The day the world ended my fears felt validated. That I do not matter because I wasn’t born a certain way. My skin is the wrong color, I don’t have a dick, and everything else about my existence isn’t enough to be treated like a person.

The day the world ended I thought about the people that make up my community. I thought about celebrating pride, Ramadan, the legalization of gay marriage, the freedom and right to wear a hijab in public and to live without fear of being yourself. I thought about the richness that diversity adds to a community and wanted to cry.

The day the world ended I went online where I felt the most pain. I saw post after post of reactions, of fear and hatred. I saw first accounts of fear and terror.

I talked to my friend Shayla and she told me about how terrified she was of going to work because majority of her colleagues are racist and coming from a small town where there’s not a lot of people of colour, this was a real concern. Having opposing opinions she can deal with. But this was a different kind of fear now. Fear that is backed up by power and fueled by acts of hate.

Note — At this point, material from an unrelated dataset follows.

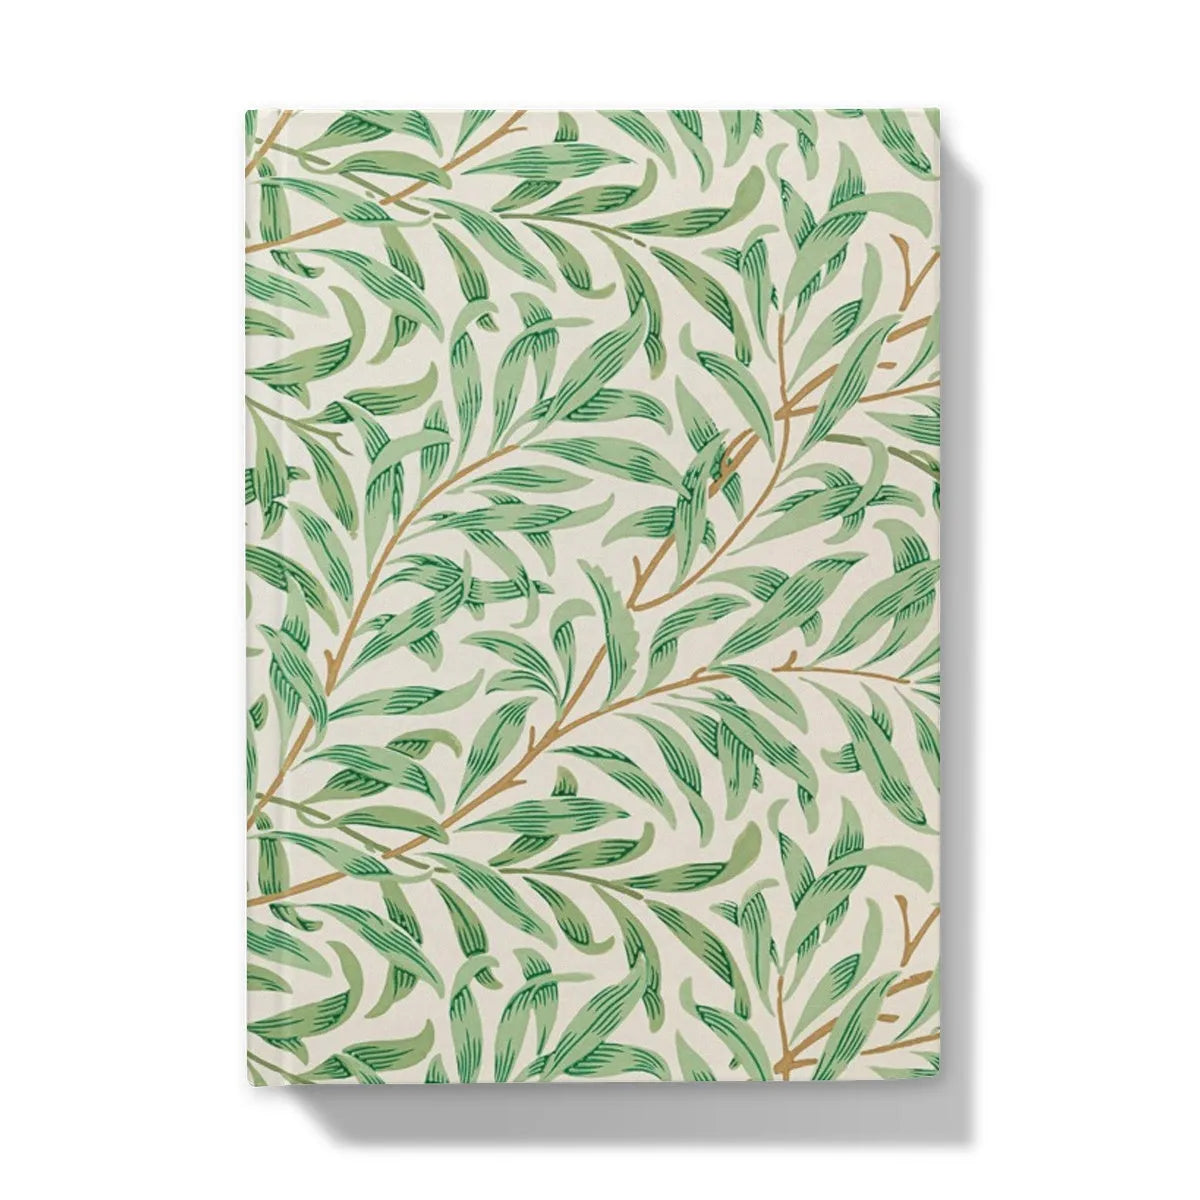 Willow Bough By William Morris Hardback Journal - 5’x7’ / Lined - Notebooks & Notepads - Aesthetic Art

A few friends are considering taking their hijabs off, with family members even begging not them not to wear them for fear of what could happen to them. “Allah would understand,” they cried. 

What do you say to that? How do you comfort a friend who’s too scared to go into her workplace? Who’s too scared to even drive to work for fear of what could happen to them in their short travel to and from places.

How do you be there for a friend who’s worried of being deported and being separated from his own family? What do you say to someone who’s too afraid to be who they are, to practice their religions freely, and declare their love openly?

How can you tell people that “things are going to be okay” or to “just be positive” when this further reinforced that divide?

Marginalized groups aren’t just concepts or theories. They’re my friends. They’re my family. They’re me.

The day the world ended I wept, and wrote, wept, and wrote. I wrote until words were starting to no longer make sense on the page. I typed so fast until all I heard was the banging of the keyboard with every letter that my fingers touched.

In movies we are used to seeing the good guys defeating the bad guys in the end albeit the trials and agony that they had to go through to get to that point. They say that good always wins against evil. We scream love trumps hate at the top of our lungs. The day the world ended was the day we needed to love the most.

The day the world began again was full of darkness. A feeling of despair quietly enveloped us as we sat in stunned silence. This is what darkness looks like but there is some light seeping in through the cracks.

It comes in with Kamala Harris being the first Black female Senator since 1999. It comes in with Illhan Omar, the nation’s first Somali-American lawmaker elected in Minnesota. The light seeped through the cracks the minute Oregon elected Kate Brown, the first openly LGBTQ governor in U.S. history. The light came in with Catherine Cortez Masto, the first ever Latina Senator.

It comes in with every voice inside us that says enough is enough. It comes in with every kind gesture you do not just today but everyday. It comes in with every person that will not stand for this anymore. It comes in when you support someone through this trying time. It comes in when you call someone out for a misogynistic Facebook post. It comes in when you see bigotry and indifference and apathy and you advocate against it.

It comes in the minute you choose love.

From where I’m standing all I see is darkness. But the light is there. A tiny spark. Maybe if I stare at it long enough, I won’t lose sight of it.